Classroom Investigations
These materials address topics related to the programs and mission of the BLM, and are targeted to learners in secondary schools. Each item in the series presents lessons and activities for teachers to incorporate into classroom instruction. Find these and more educational materials in the BLM Public Room.
Minerals: Essential Ingredients in Your Life
This teaching guide supports the BLM’s effort to educate the public about the importance of minerals from public lands. Students identify minerals used to make everyday products, from personal care items and cell phones, to kitchen tools and hybrid cars. They also explore the mineral cobalt and determine whether it is necessary for the United States to mine it domestically. By weighing the considerations of mining cobalt, students learn how land managers apply the principles of multiple-use and sustained yield.
Wild and Scenic Rivers
The activities in the teaching guide help students find wild and scenic rivers, explore the history of the passage of the 1968 Wild and Scenic Rivers Act, and develop their own river-inspired poetry. Students use a web-based story map to examine the river values that form the basis for the act, and they navigate an interactive map to find the wild or scenic river nearest to their school. Activities also include reviewing the writings of advocates of the act.

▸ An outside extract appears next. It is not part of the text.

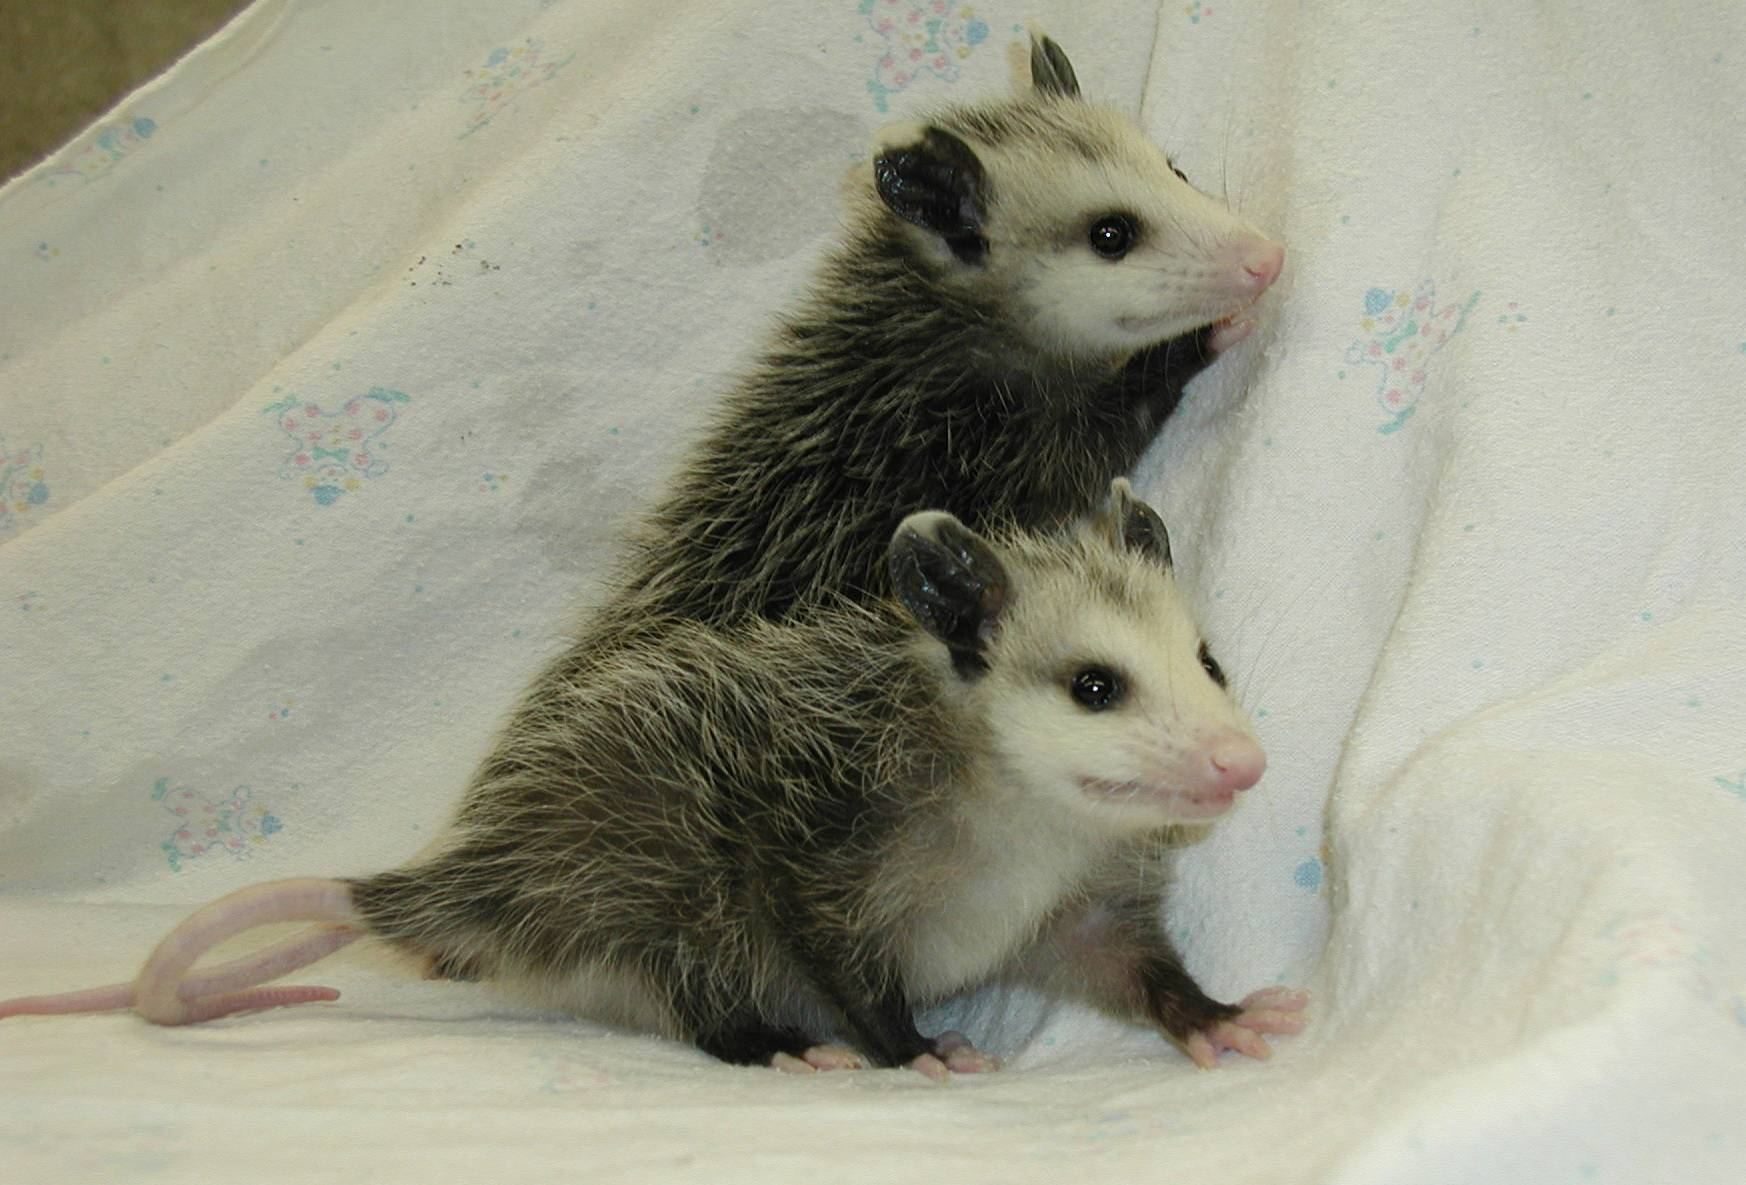 Young Virginia Opossums

America’s Scenic and Historic Trails
This guide gives middle school teachers activities to explore conflict and collaboration between emigrants and American Indians. Because what are now scenic and historic trails brought many of the emigrants to the west, students begin the unit by identifying where scenic and historic trails are located today. They then parse some of the language in the 1968 law that establishes scenic and historic trails. The teaching guide concludes by presenting excerpts of pioneer diaries with evidence of both cooperation and conflict between the two cultures.
Citizen Voice in Land Use Decisions
Students investigate the history of the BLM’s precursor agency, and they learn how citizens can help influence land use decisions today. Designed for middle school students, this guide can be adapted for high school and upper elementary levels. The activities encourage students to examine the principles of “multiple use and sustained yield,” research segments of the BLM’s historical timeline, and identify ways citizens can participate in the land use planning process. Students engage diverse cognitive skills such as interpreting graphics and assessing various civic action strategies.
Solar Generated Electricity
Does the need for carbon-free renewable energy outweigh the potential risks to wildlife habitats, cultural and historical resources, and recreation areas? Middle school teachers can explore this question with their students with this guide. The three-activity unit describes how solar facilities on public lands work, examines the tradeoffs in detail, and illuminates the factors that affect decisions about where to build solar electricity plants.
Habitats and Wildlife
This middle school guide helps students understand the importance of habitat conservation, how changes to habitats health affect wildlife, and how the BLM monitors and promotes healthy habitats. The four-activity unit concludes with students designing an experiment based on their research of Western wildlife and habitats in the preceding activities. The unit is designed for middle school students, but it can also be adapted for the high school and upper elementary levels. The activities offer students speaking, research, and teaching roles as they progress through the unit.
Native Plants
This teaching guide provides three classroom activities for middle school teachers about the importance of native plants, how these plants are threatened, and how concern for native plants factors into land use decisions. The hands-on exercises explain how native plants affect ecosystem balance, support pollinators, and diversify the food supply. Students also investigate threats to native plants on public lands such as invasive species and wildfire.
Wilderness
The activities in this guide prompt students to discuss what wilderness means to them, how it is defined in the law, and how Howard Zahniser defined it his seminal 1956 article “The Need for Wilderness Areas.” A close analysis of Zahniser’s article is the heart of the activity. Students read key excerpts and draw comparisons among his thoughts about wilderness, how it is described in the law, and their own conceptions of wilderness. Students also describe why some lands are designated as wilderness areas and discuss the kinds of human activities that are prohibited there.
Cadastral Surveying
Through this teaching guide, students will learn how the development of the Public Land Survey System was vital to the establishment of land ownership and government revenue in the early days of the United States. The lessons will introduce students to public domain, the Public Land Survey System, and surveying methods and tools. Students will use surveying techniques to map their classrooms and to practice being a surveyor for a day. They will also complete calculations using measurements from the survey system.